In the past two weeks, the Trump administration has said, repeatedly and publicly, that Iran and Arab Shiite militias aligned with it were planning to strike US troops in the region, and that the threat had increased recently.

Written by Alissa J. Rubin

In the Trump administration’s recent bellicose talk about Iran, Iraqis hear eerie echoes of the months just before the US invasion of Iraq. Iraqi officials, wary of another war on their land, say they have warned armed groups tied to Iran to refrain from taking any action that could provoke US retaliation.

“The last two days there have been continuous meetings with all the groups to convey the Iraqi government’s message that if anyone does something, it is their responsibility, not Iraq’s,” said Sayed al-Jayashi, a senior member of Iraq’s National Security Council.

“The Iraqi government is responsible for protecting American interests in Iraq,” he added. “We will become the enemy of anyone who does something against American interests.”

In the past two weeks, the Trump administration has said, repeatedly and publicly, that Iran and Arab Shiite militias aligned with it were planning to strike US troops in the region, and that the threat had increased recently.

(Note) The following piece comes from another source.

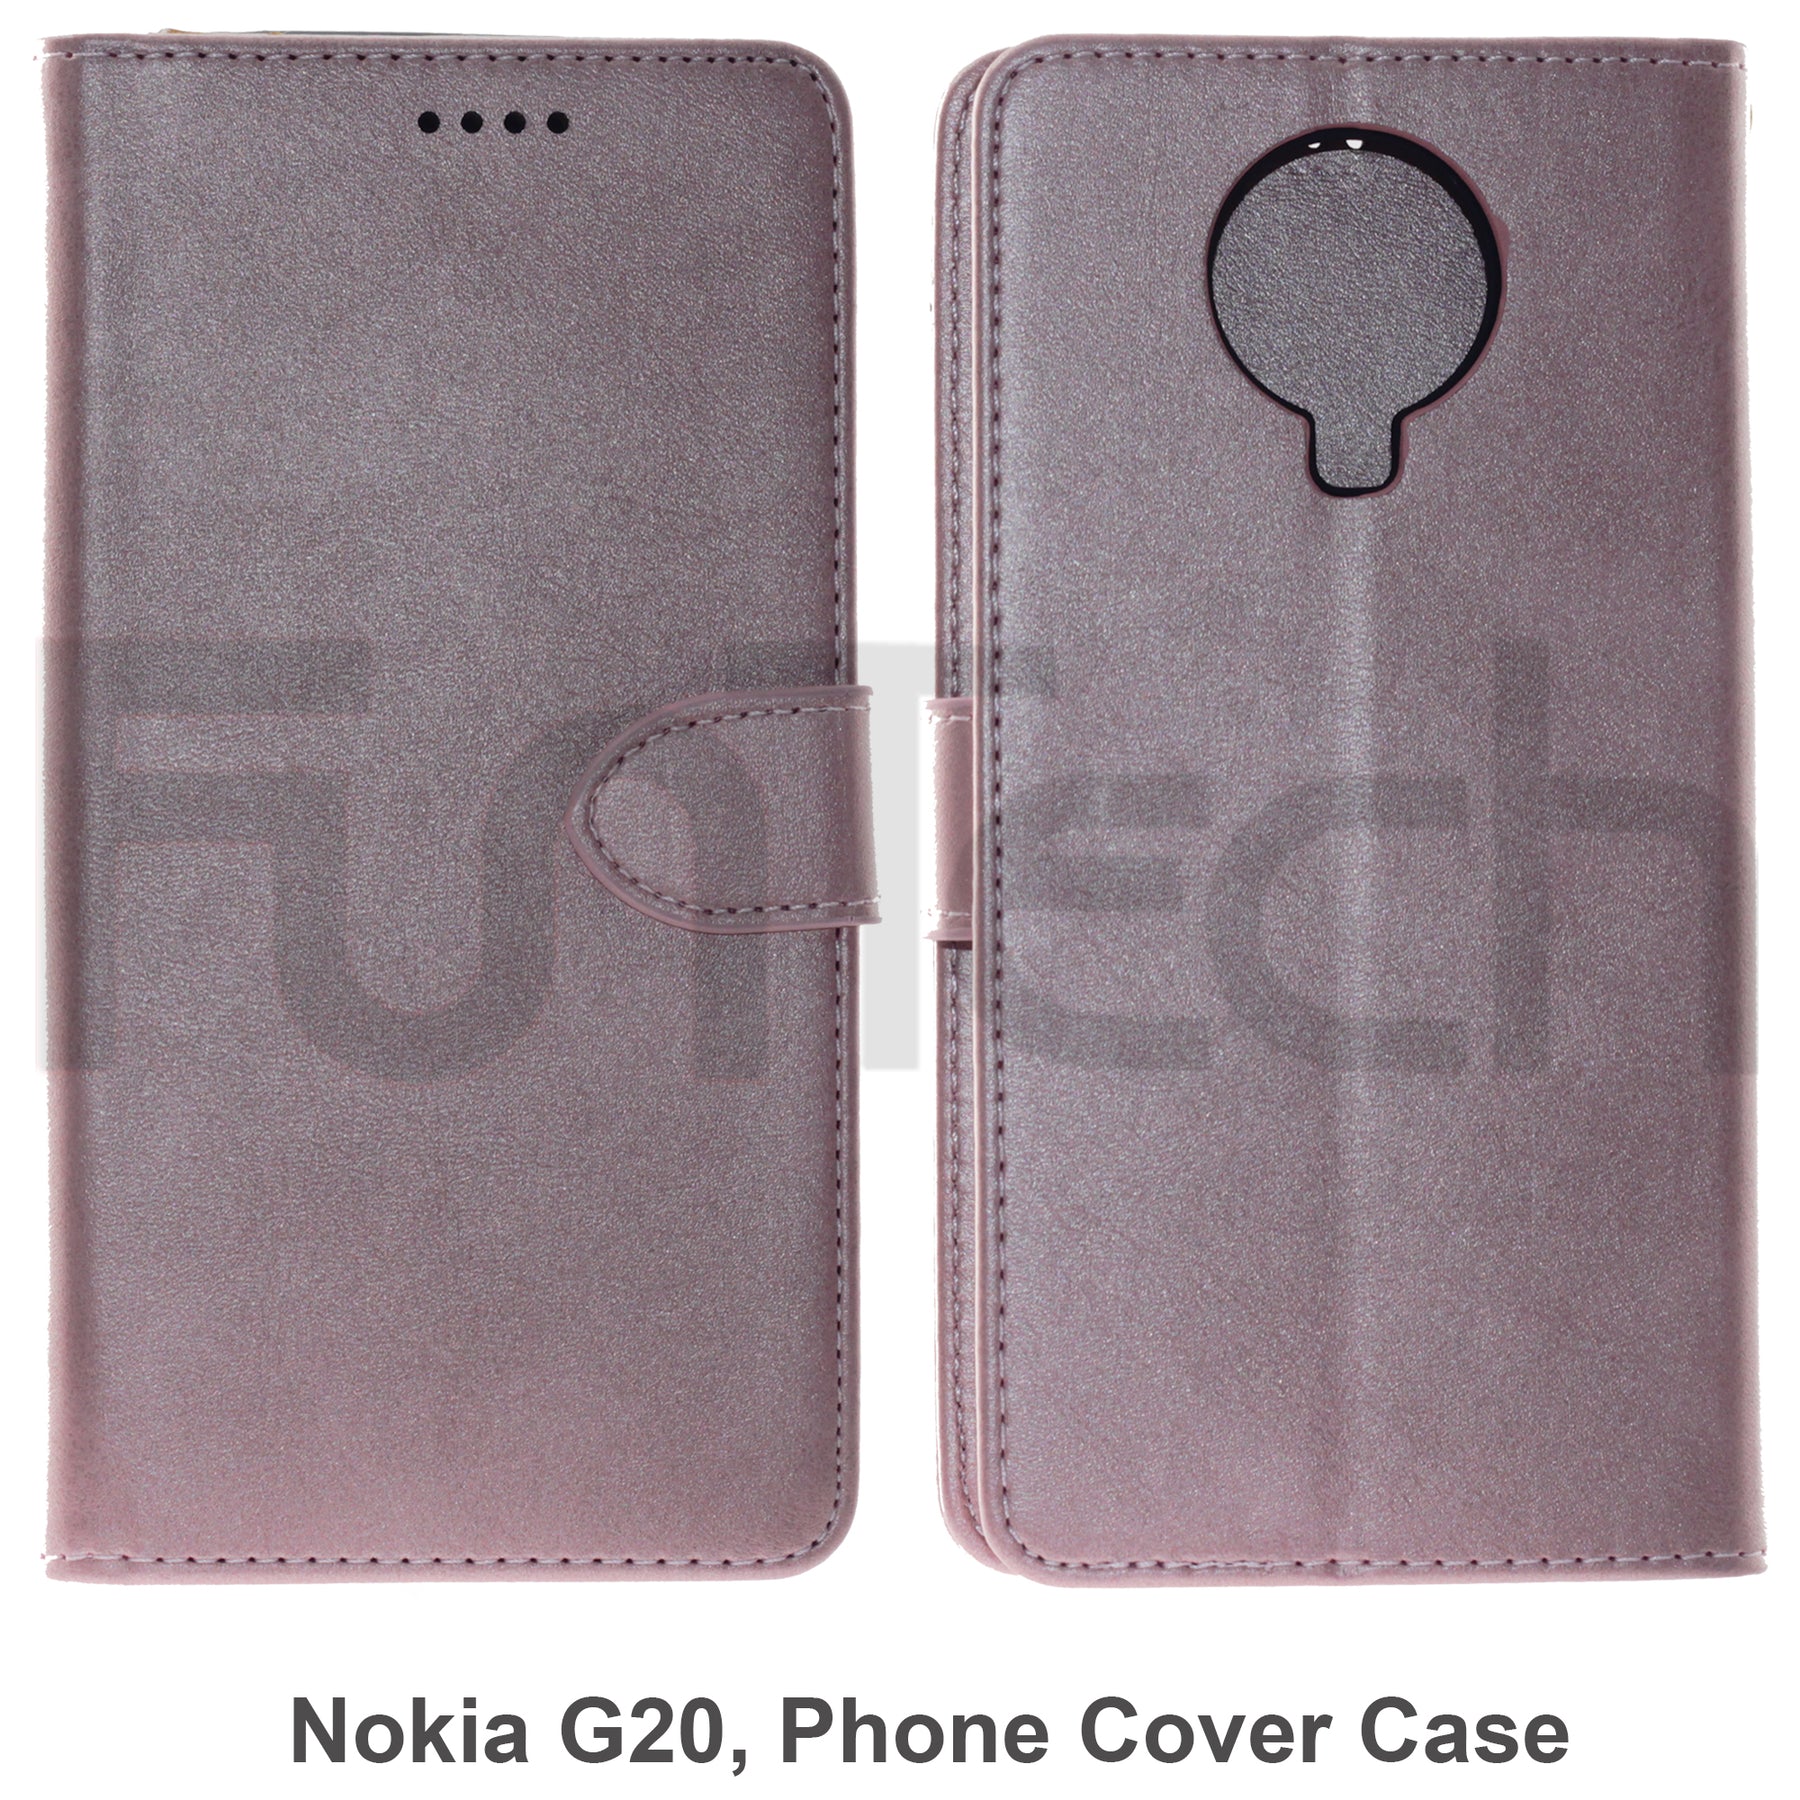 Nokia G20, Leather Wallet Case, Color Pink

In response, the administration dispatched an aircraft carrier, long-range bombers and an anti-missile battery to the Persian Gulf and updated plans for a war with Iran. On Wednesday, the State Department ordered a number of its “nonemergency” personnel in Iraq to leave the country.

The United States has not revealed any evidence supporting its assessment of an increased threat, though on Wednesday officials described what they said were photos of missiles being loaded onto Iranian boats. Allies of the United States have said that while Iran and its confederates may pose a danger, it is unclear whether there is a serious threat against American forces.

The claims have led many in the region to draw parallels to the Bush administration’s decision to go to war in 2003 based on false claims that Saddam Hussein had weapons of mass destruction.

There are about 30 militias in Iraq with at least 125,000 active-duty fighters and varying loyalties. Many worked in tandem with the Iraqi military in fighting the Islamic State, and all report to the prime minister’s office.

The concern in Iraq is focused on the handful of groups with strong ties to Iran. Several are close to Iran’s Revolutionary Guard Corps and have members who trained in Iran.

“Unfortunately we have groups that want to be more Iranian than Iran itself,” said Salah al-Obaidi, the spokesman for the populist cleric and power-broker Muqtada al-Sadr. “We have concerns about the possibility that the government cannot control the pro-Iranian groups, and this will be a big problem in Iraq.”

He said the government needed to take a stronger stand against those groups.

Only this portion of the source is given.